BEGIN Source data

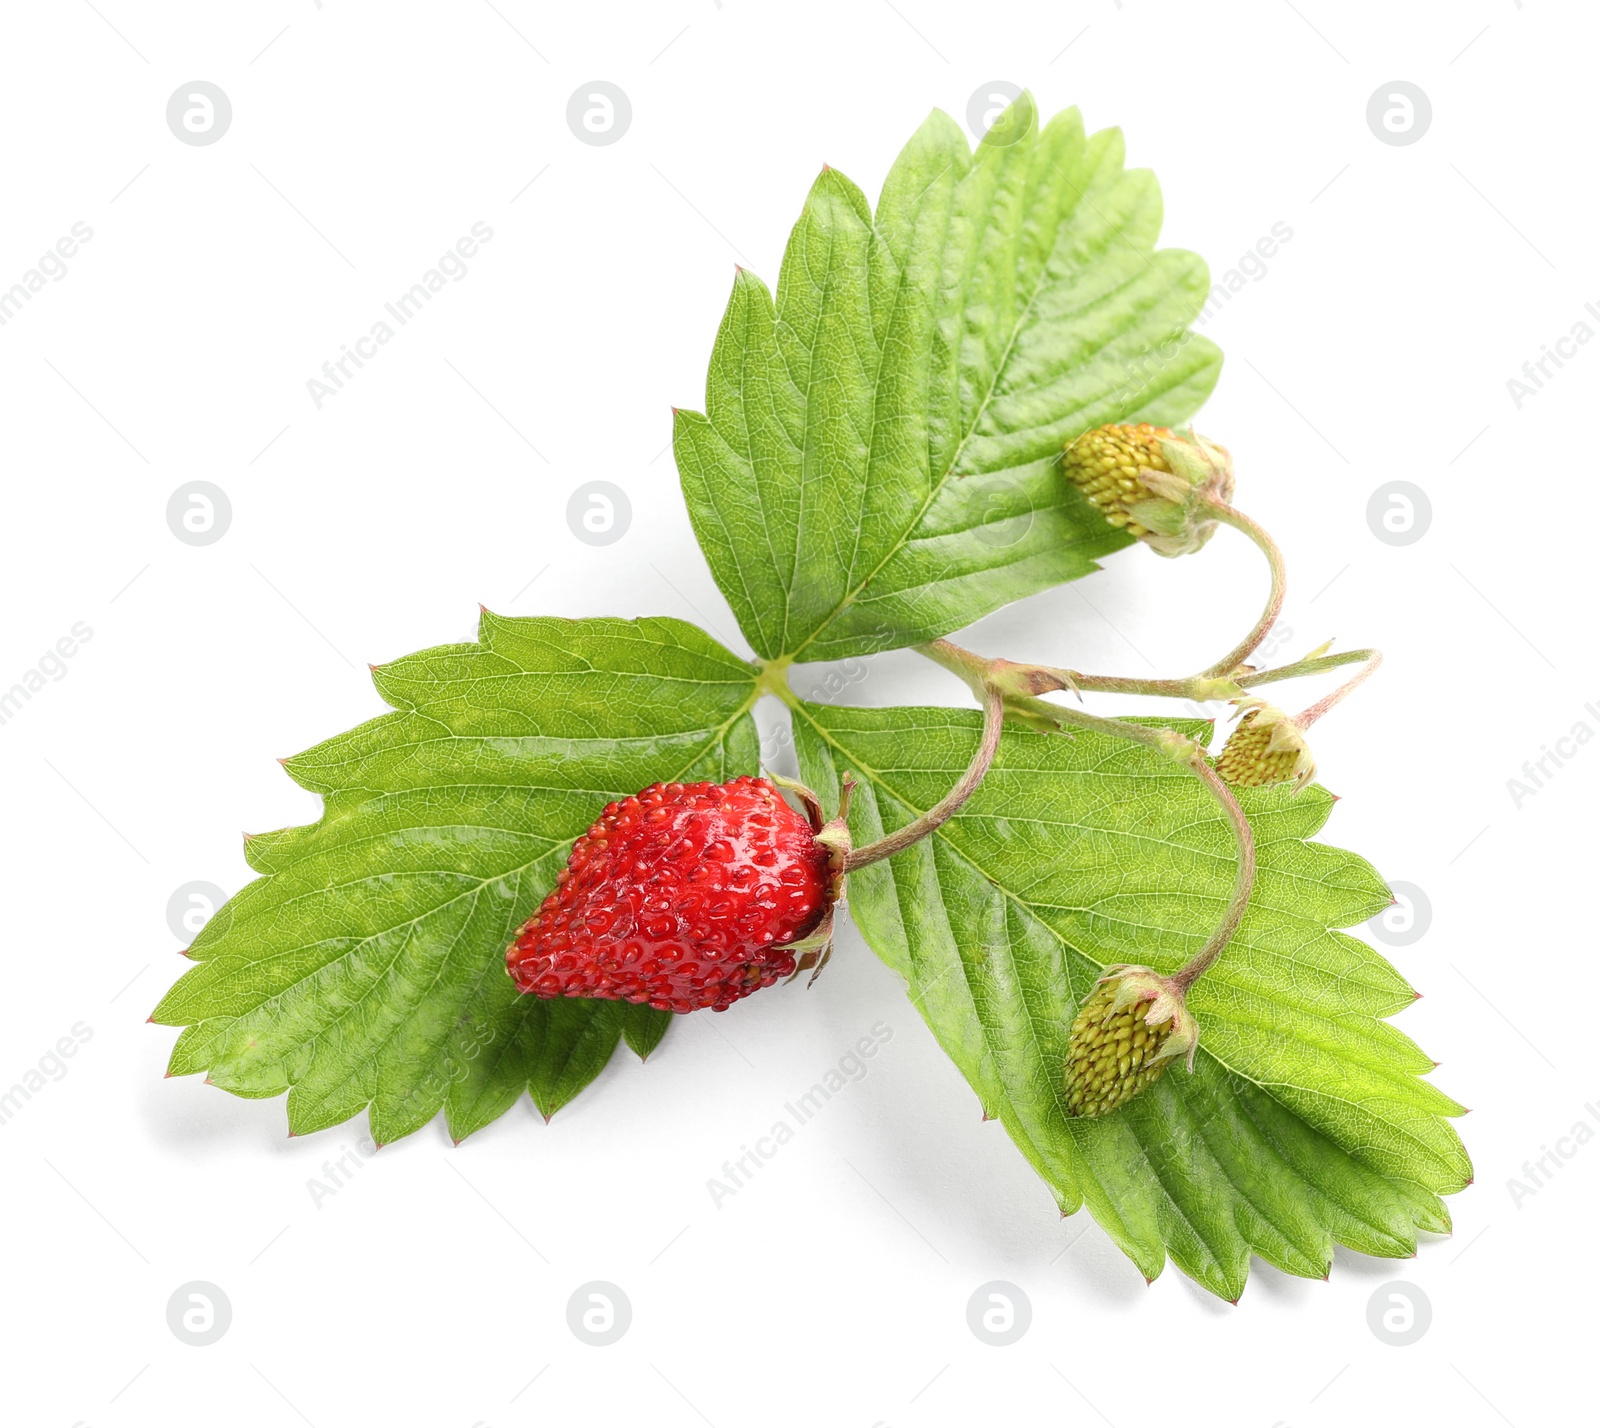 Photo of Wild strawberries and green leaves isolated on white
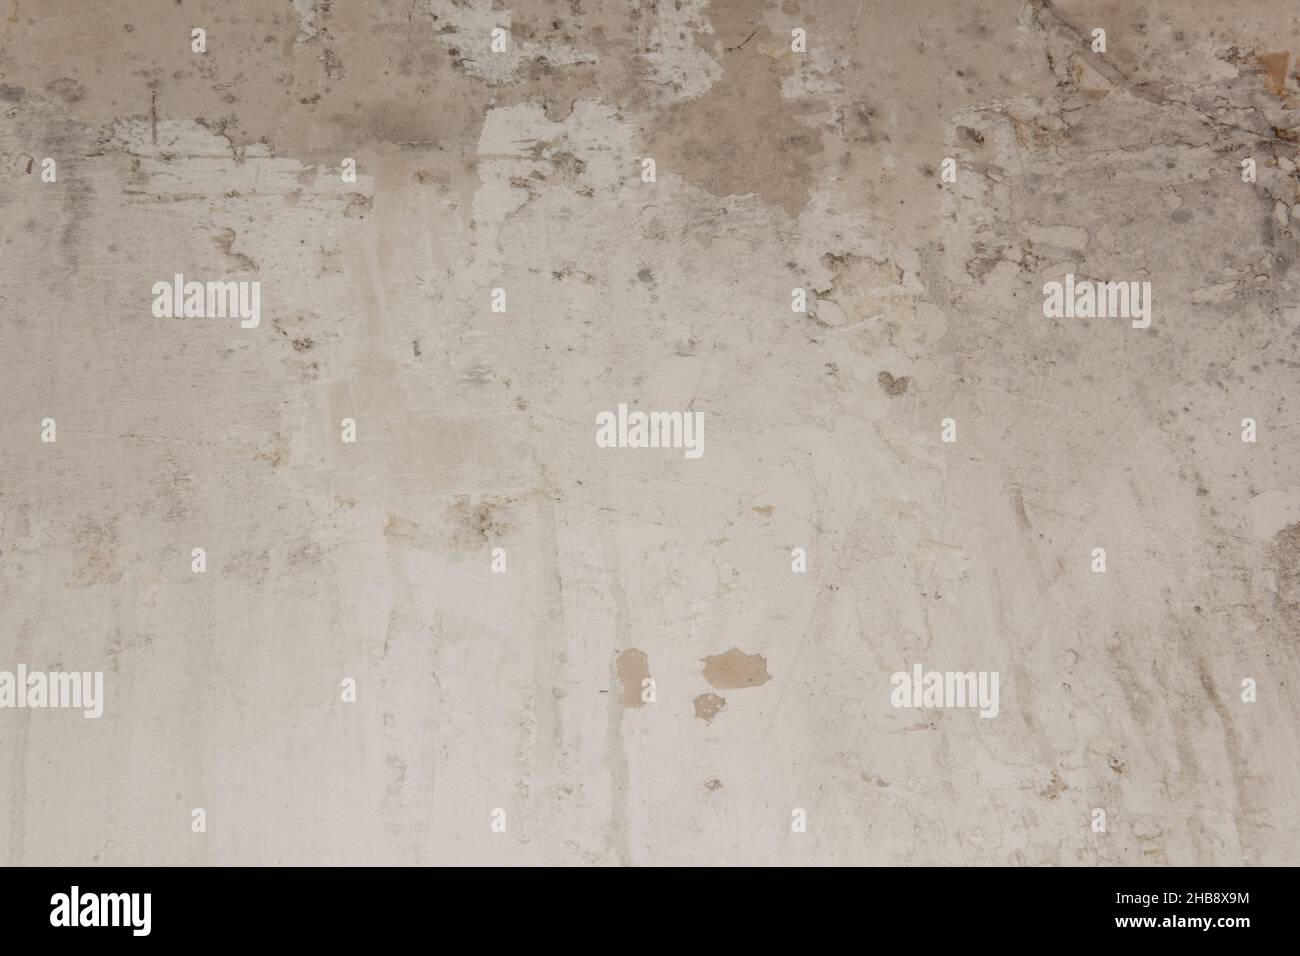 Shabby putty background. Vintage ancient background. Light shade textured old wall Stock Photo
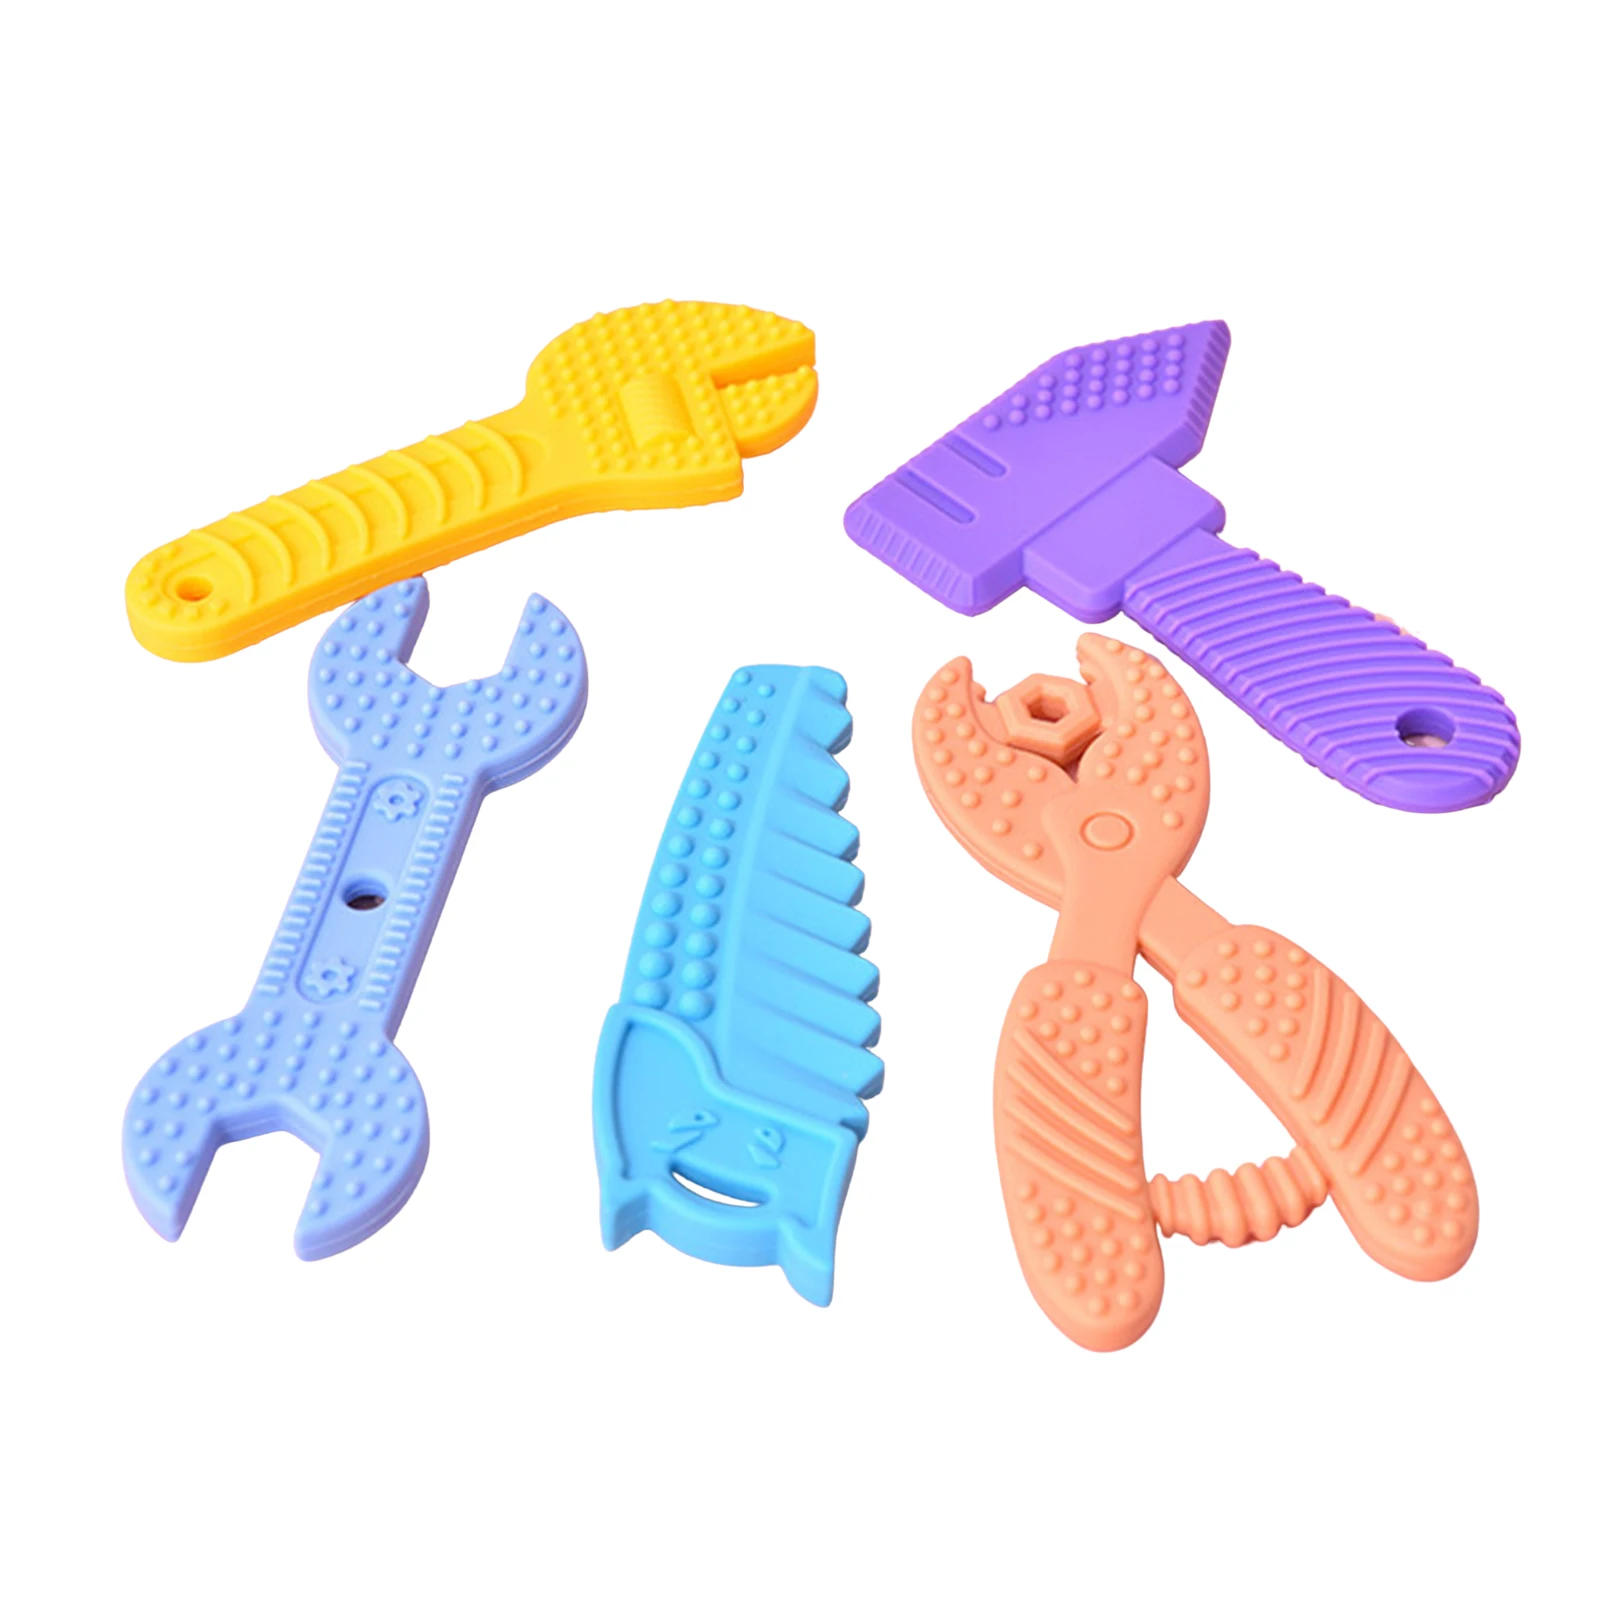 

5pcs Teething Toys Silicone Baby Teethers For Newborn Infants Toddlers Appease Pacifier Soothing Chew Molar Toy Gum Dental Care
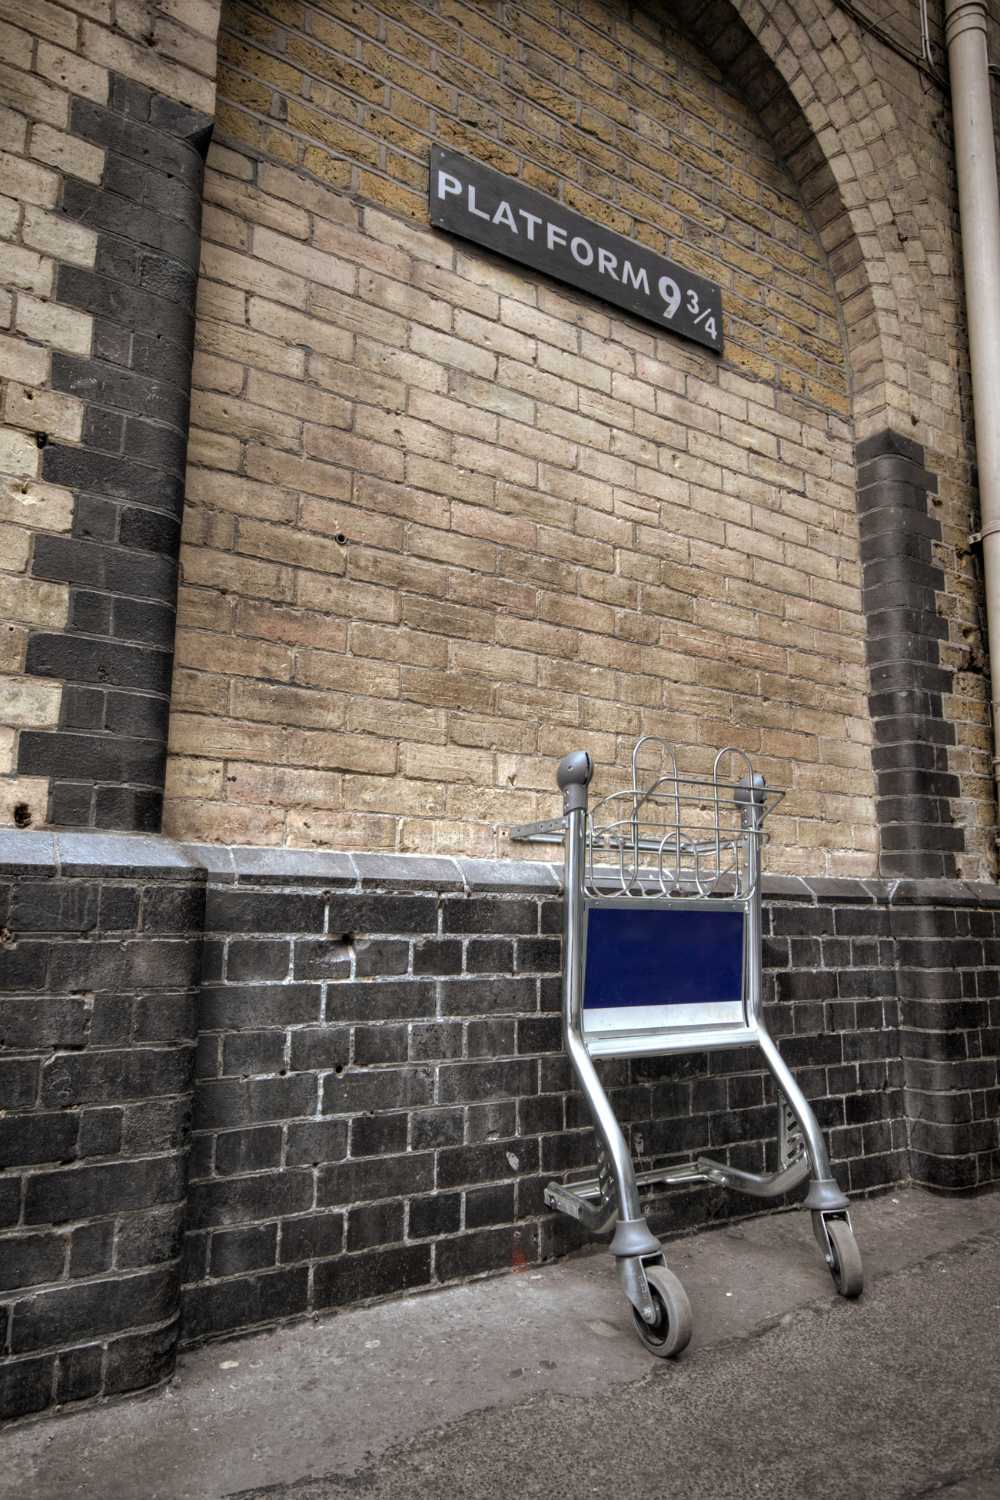 weird places, visit london, weird places to visit in london, Platform 9 3/4

END Source data

### [Work request]
Your answer should copy the listing word for word, with no pictures in it.

### [Exercise result]
 Photo of Wild strawberries and green leaves isolated on white
 Shabby putty background. Vintage ancient background. Light shade textured old wall Stock Photo

5pcs Teething Toys Silicone Baby Teethers For Newborn Infants Toddlers Appease Pacifier Soothing Chew Molar Toy Gum Dental Care
 weird places, visit london, weird places to visit in london, Platform 9 3/4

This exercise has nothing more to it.